It appears that the ETF news may have already been factored into Dogecoin’s price. The original ETF filing by 21Shares was made in April, and DOGE had already experienced a surge of over 50% in early May. In essence, the ETF update served more as confirmation rather than a catalyst for further price movement. On-chain data from Santiment revealed a notable drop in Dogecoin’s active 24-hour addresses from over 650,000 during the ETF announcement to 347,000 shortly after. This decline indicates a decrease in immediate network activity following the price adjustment. The sharp decline in active addresses suggests that the initial surge in interest or trading activity was short-lived.
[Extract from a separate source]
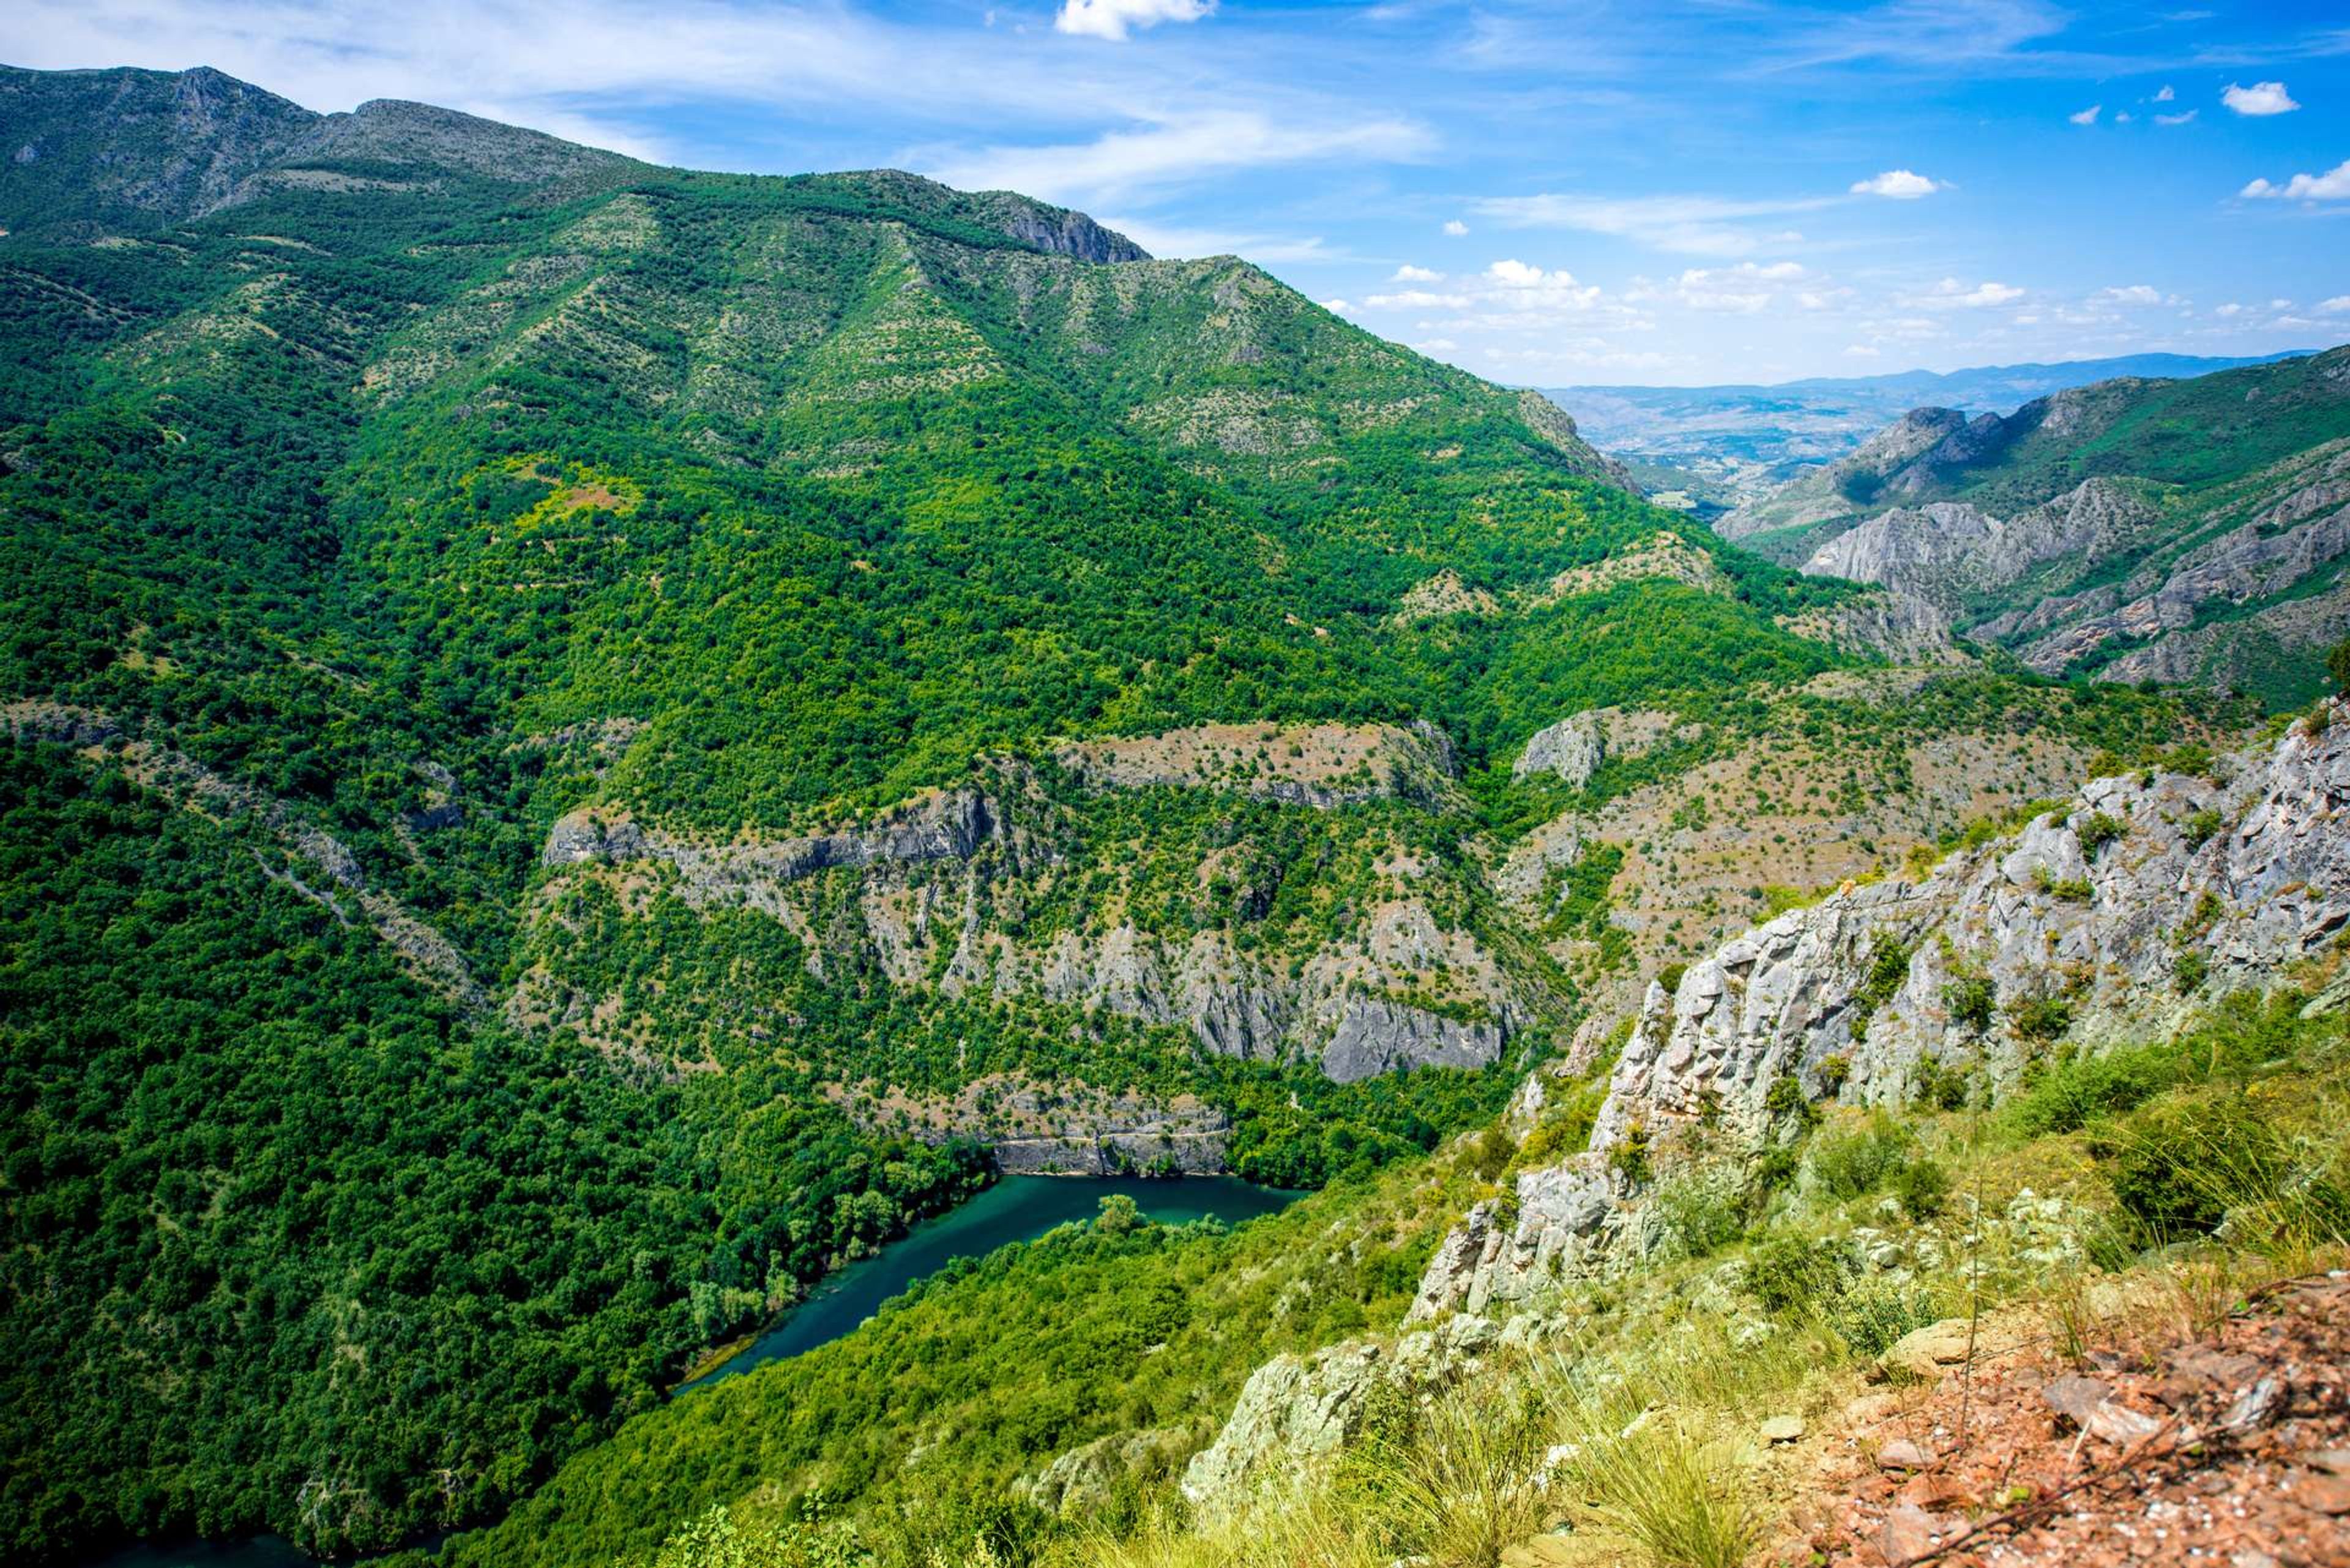 Macedonië Matka canyon near Skopje

Sustained network growth requires consistent and continuous user engagement, not just short bursts linked to news events. A healthy market rally is typically supported by a gradual increase in active addresses, which is not the case with Dogecoin at the moment. Moreover, futures open interest (OI) has increased alongside the price, signaling a influx of new capital into the market. However, the OI-weighted funding rate remains positive, indicating that the majority of this capital is being employed in long positions. This situation may lead to an imbalance where if the price stagnates, these long positions could begin to unwind, resulting in a chain reaction of liquidations, commonly known as a “long squeeze.”

Furthermore, data on Dogecoin’s funding rates also suggests a predominance of long positions over short ones. When funding rates remain high and the price fails to continue its upward trajectory, it presents a potential risk for long positions in the market. This imbalance could potentially trigger further price declines and increased market volatility in the future.